In 2016, a Chinese telecommunication company (China Telecom) covertly diverted South Korean-bound Canadian internet traffic directly through and into China over a period of 6 months. According to Israeli cybersecurity specialist and electrical-engineering expert Yuval Shavitt, Rogers subscribers (which includes businesses of various sizes) in and around Canada's national capital area were particularly affected. Shavitt used this incident as a case-in-point to caution the Canadian government from doing business with Huawei Technologies, another Chinese telecommunications giant which is contending to build Canada's next-generation 5G wireless communications networks. 

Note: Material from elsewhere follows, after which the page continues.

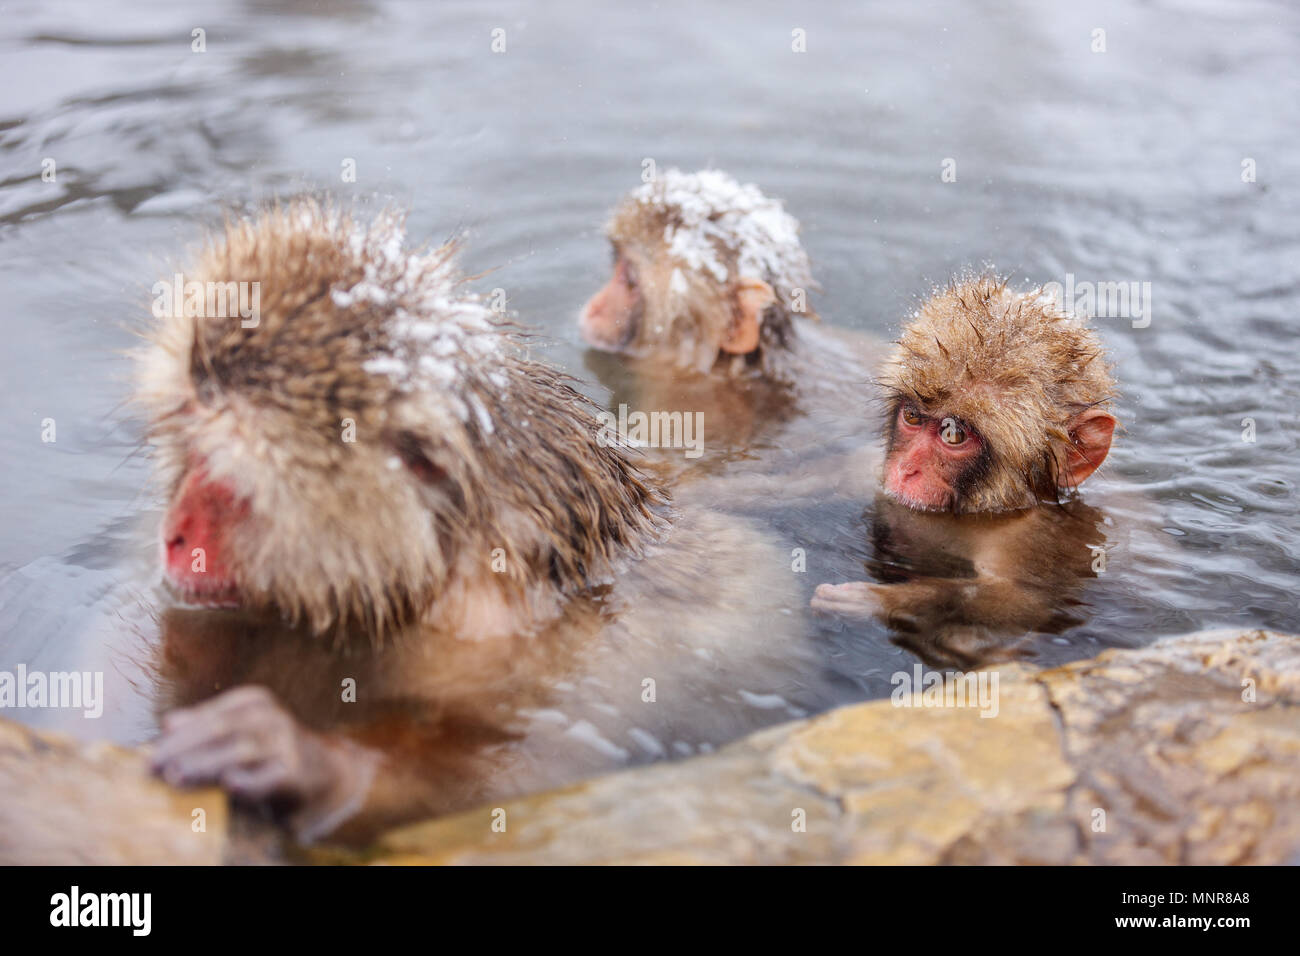 Обезьяна купается в теплой воде группа. Купание обезьяны в теплой воде. Макаки моются. Онсэн обезьяны. Смешные обезьянки купаются.

The "Shavitt-Demchak" report within which this incident was first explained described how China Telecom uses two and eight points of presence in Canada and the U.S. respectively to take "information-rich" Internet traffic crossing its network with noticeable effect to the end user/consumer. The report in question called internet points of presence the "perfect scenario for long-term espionage" as local alarm bells would not be raised about "long-term traffic detours". 

The danger with allowing Chinese companies like Huawei into Canadian markets is that many of these large Chinese companies are either state-owned companies or have government officials occupying executive positions. Even with privately owned Chinese companies with no government officials in executive positions, Chinese companies have a dangerous tendency of co-operating with the Chinese-government. Despite any of the above, Huawei has repeatedly denied that it co-operates with Chinese intelligence or ever would, stating that it would be highly detrimental to the company's business and affairs. 

Needless to say, the decision as to whether or not Huawei should be permitted to proceed with its plans to supply hardware and software to Canadian companies has become highly politicized due to the recent arrest of Huawei's chief financial officer by Canadian officials. The arrest was made at the request of U.S. authorities, which are seeking to have Huawei's CFO extradited to the U.S. to face 23 criminal charges, notably fraud, trade-secret theft, conspiracy, and violations of international sanctions imposed on Iran. Since the arrest, China has jailed to Canadian citizens working in China and has imposed a death sentence on a third Canadian citizen. 

In 2016, CSIS (Canadian Security Intelligence Service) had issued a warning to the effect that China and Russia were zeroing their cyber espionage efforts on Canadian government officials, information systems, classified information, advanced technology, corporate secrets, and intellectual property of Canadian companies.